In spite of general criticism of the bomb damage repair in the press and elsewhere, the people of Greater London were on the whole greatly cheered by the energy and success with which large-scale first-aid repairs were carried out, and they were gratified to see their local representatives joining with those of both sides of the industry in the control of the work.

By January 1945 about 25,000 of the 130,000 building force were living in hostels and camps and many more were in other accommodation away from home. There existed, it was officially acknowledged, a need for ‘hot drinks on the site’ –
i.e.
the cherished tea-break – and for ‘lavatory, washing and drying facilities’, but even feeding an influx of carpenters, bricklayers and plumbers could provide a problem. Occasionally such men were given priority in local cafés during the dinner hour or taken by lorry to British Restaurants, the cheap publicly-run cafeterias opened earlier in the war, which were now sometimes kept open on Sundays for their benefit. Mobile canteens, operating on at least a hundred sites, also helped, and the Ministry of Labour thought the feeding arrangements satisfactory in 83 per cent of the places inspected. A fair index of morale was unjustifiable absenteeism, and at the end of November this was put at under 3 per cent, most of this occurring on Sundays.

Sensibly enough, men away from home sought what recreation they could, and one man then employed on repair work in West Ham remembers seeing an Irish gang one Sunday afternoon playing toss-halfpenny:

There was quite a large ring of men with pound notes at their feet. One man was tossing the halfpennies, I was standing watching, when suddenly a hot wind started screaming around us, lifting the money into a whirlpool. I threw myself down just as the houses around started falling. Then came the explosion. . . . On looking up, the first thing I saw was pound notes flying about and the Irishmen trying to catch them with no worry about falling debris.

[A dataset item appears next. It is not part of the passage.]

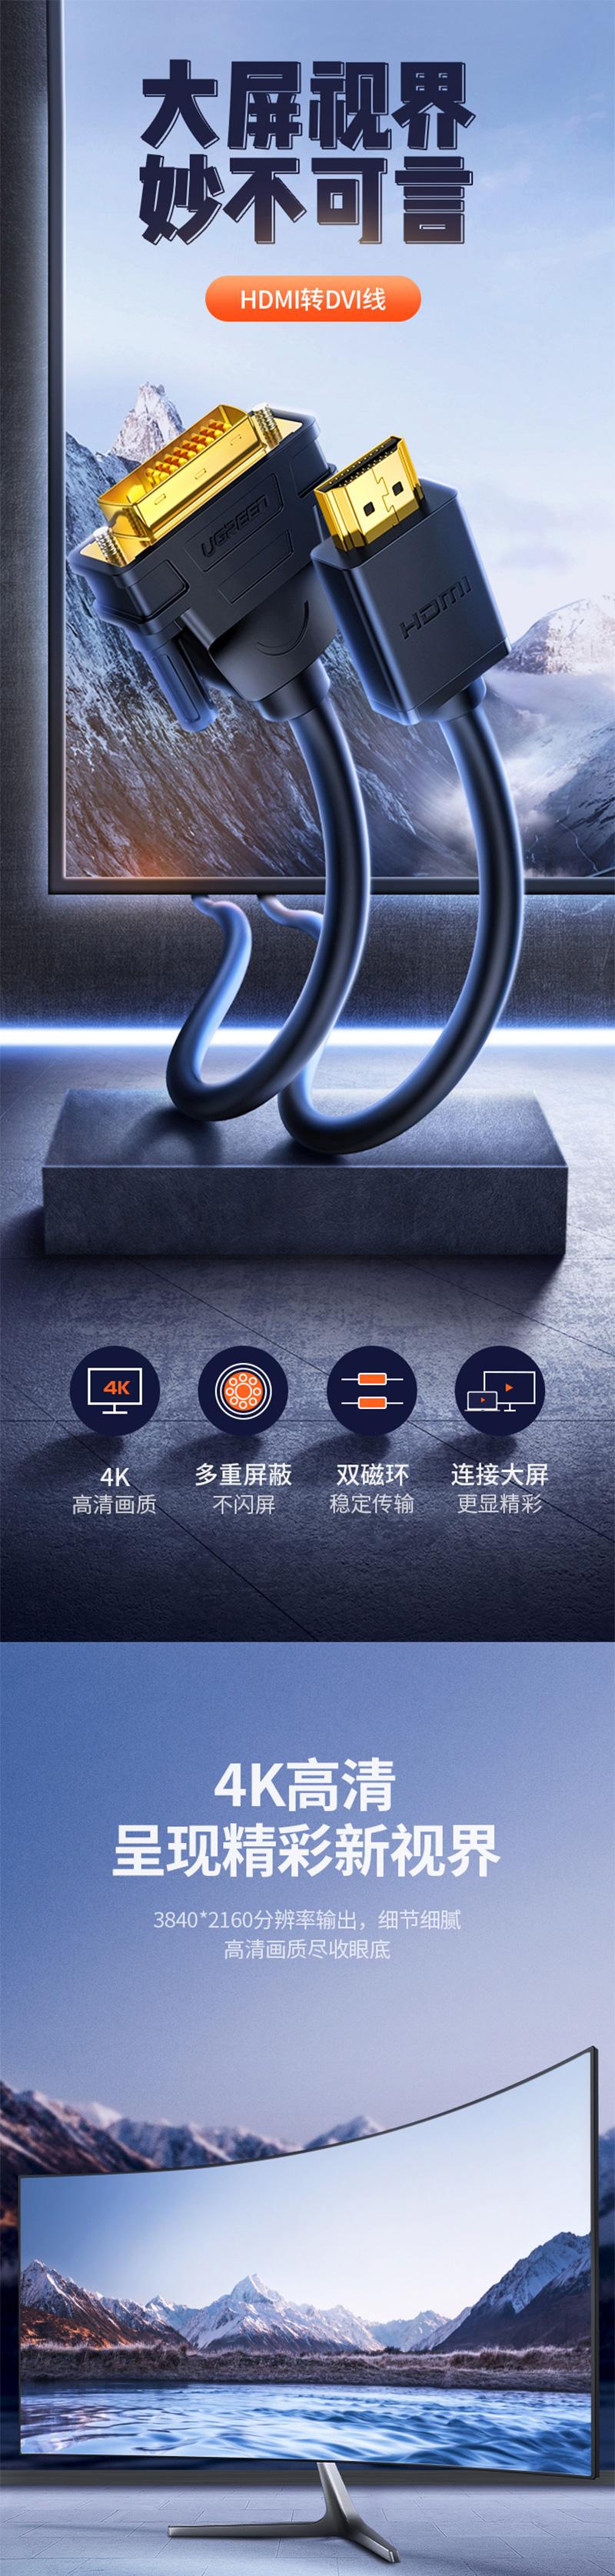 绿联10135 2米HDMI转DVI线 转换线 详情页

To conserve scarce materials as well as labour, maximum (rather than, as was customary, minimum) standards of repair were laid down by the government, which ruled that, during first – and second-stage work, only essential rooms in daily use should be dealt with, and that walls and woodwork should only be painted to make them weatherproof, not for decoration. Non-standard doors and window frames which could not easily be repaired could be replaced by others, however ill fitting and unsightly: half the roof could be covered with slates below standard size, or with concrete tiles; and half the windows given opaque glass. To increase the total number of dwellings available, preference might be given to larger houses, to be occupied by several families, at the expense of smaller ones providing shelter for only one or two people.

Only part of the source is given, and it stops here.